Lucky you chose that one date without Antonenko.
You don't have to be an expert on fine singing to know that he's had it and is just fulfilling his commitment of a contract that was written years before.

Even if you don't happen to prefer lavish staging with Zeffirelli's glitz and extravagant costumes in Turandot, (I love all of it by the way), you will be given a treat of Christine Goerke as Turandot. She is dynamite.
In order to enjoy this opera better, simply recognize and accept the fantasy of the story and try not to make good sense of it.

I will be seeing the Tuesday Macbeth (the only one with Lucic whom I really love as a baritone, and by doing so was able to avoid Domingo in the same role which I do not prefer). Just watch Netrebko's sleepwalking scene -- a magical experience.

You said: "What I find most fascinating about operas are the works themselves - the challenges the composer and the librettist faced, the historical context, the insights we can gain into European culture (or world culture) by experiencing the entertainments that wowed crowds 200 or 150 or 100 years ago."

Well for me, fine singing only serves to exacerbate the works themselves by adding to the magic and becomes the cherry on top of the already delicious cake.


----------



## jegreenwood (Dec 25, 2015)

nina foresti said:


> . . . .
> 
> You said: "What I find most fascinating about operas are the works themselves - the challenges the composer and the librettist faced, the historical context, the insights we can gain into European culture (or world culture) by experiencing the entertainments that wowed crowds 200 or 150 or 100 years ago."
> 
> Well for me, fine singing only serves to *exacerbate *the works themselves by adding to the magic and becomes the cherry on top of the already delicious cake.

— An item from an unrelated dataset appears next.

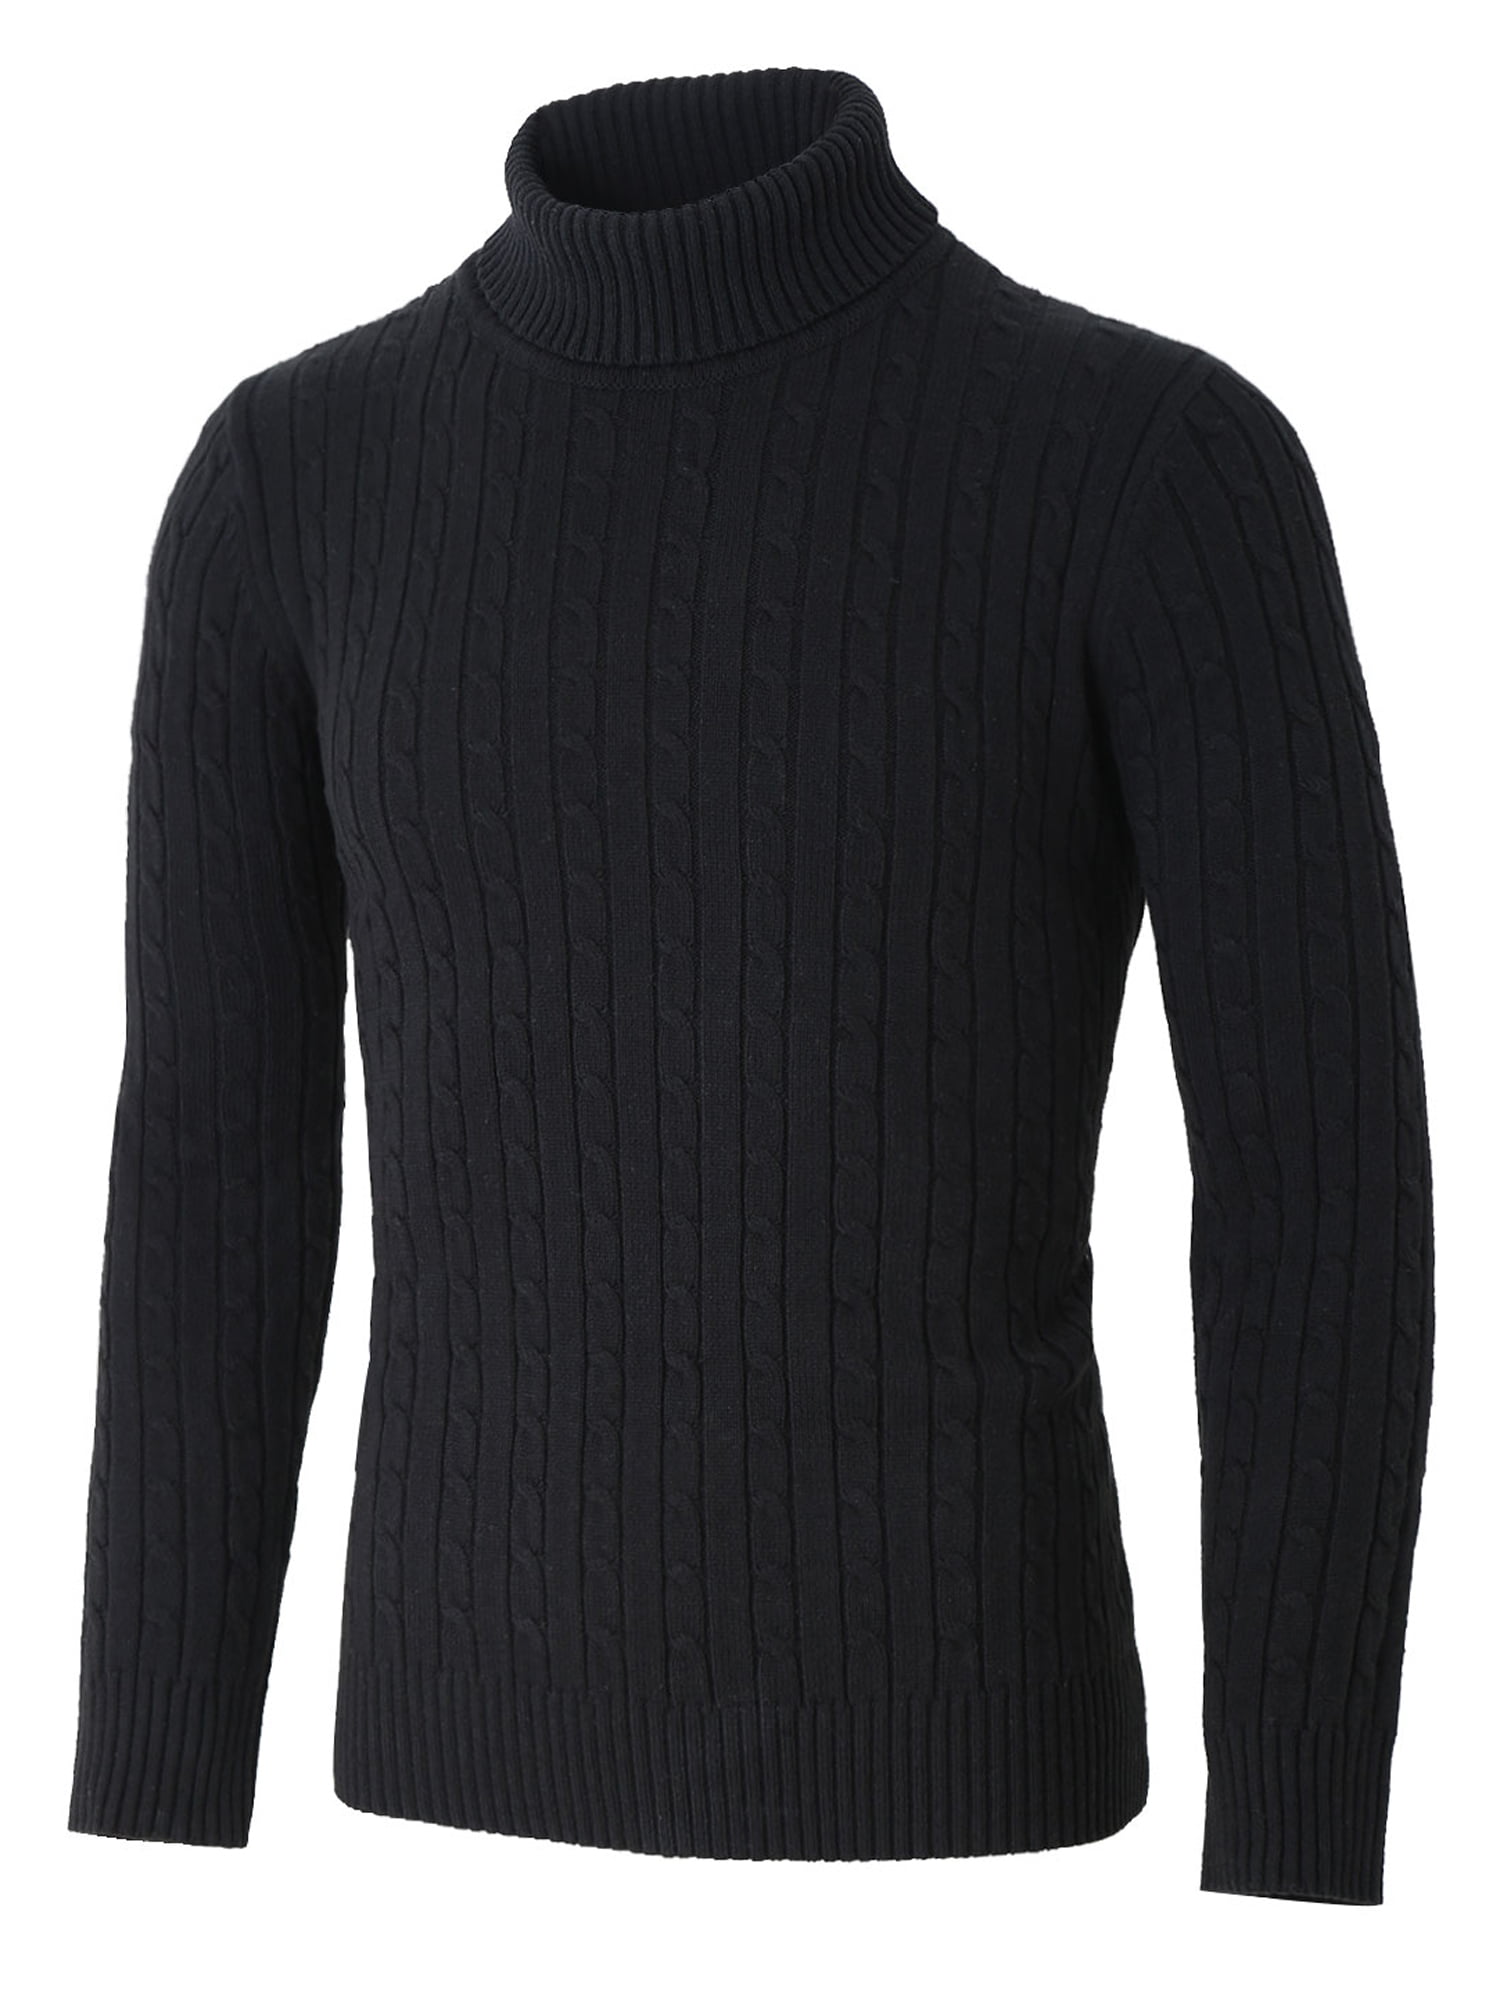 pujingge Mens Pullover Sweaters Crew Neck Long Sleeve Cable Knit Sweater Tops

Not sure that's the word you're looking for.

"verb (used with object), ex·ac·er·bat·ed, ex·ac·er·bat·ing.
to increase the severity, bitterness, or violence of (disease, ill feeling, etc.); aggravate.
to embitter the feelings of (a person); irritate; exasperate."


----------



## nina foresti (Mar 11, 2014)

jegreenwood said:


> Not sure that's the word you're looking for.
> 
> "verb (used with object), ex·ac·er·bat·ed, ex·ac·er·bat·ing.
> to increase the severity, bitterness, or violence of (disease, ill feeling, etc.); aggravate.
> to embitter the feelings of (a person); irritate; exasperate."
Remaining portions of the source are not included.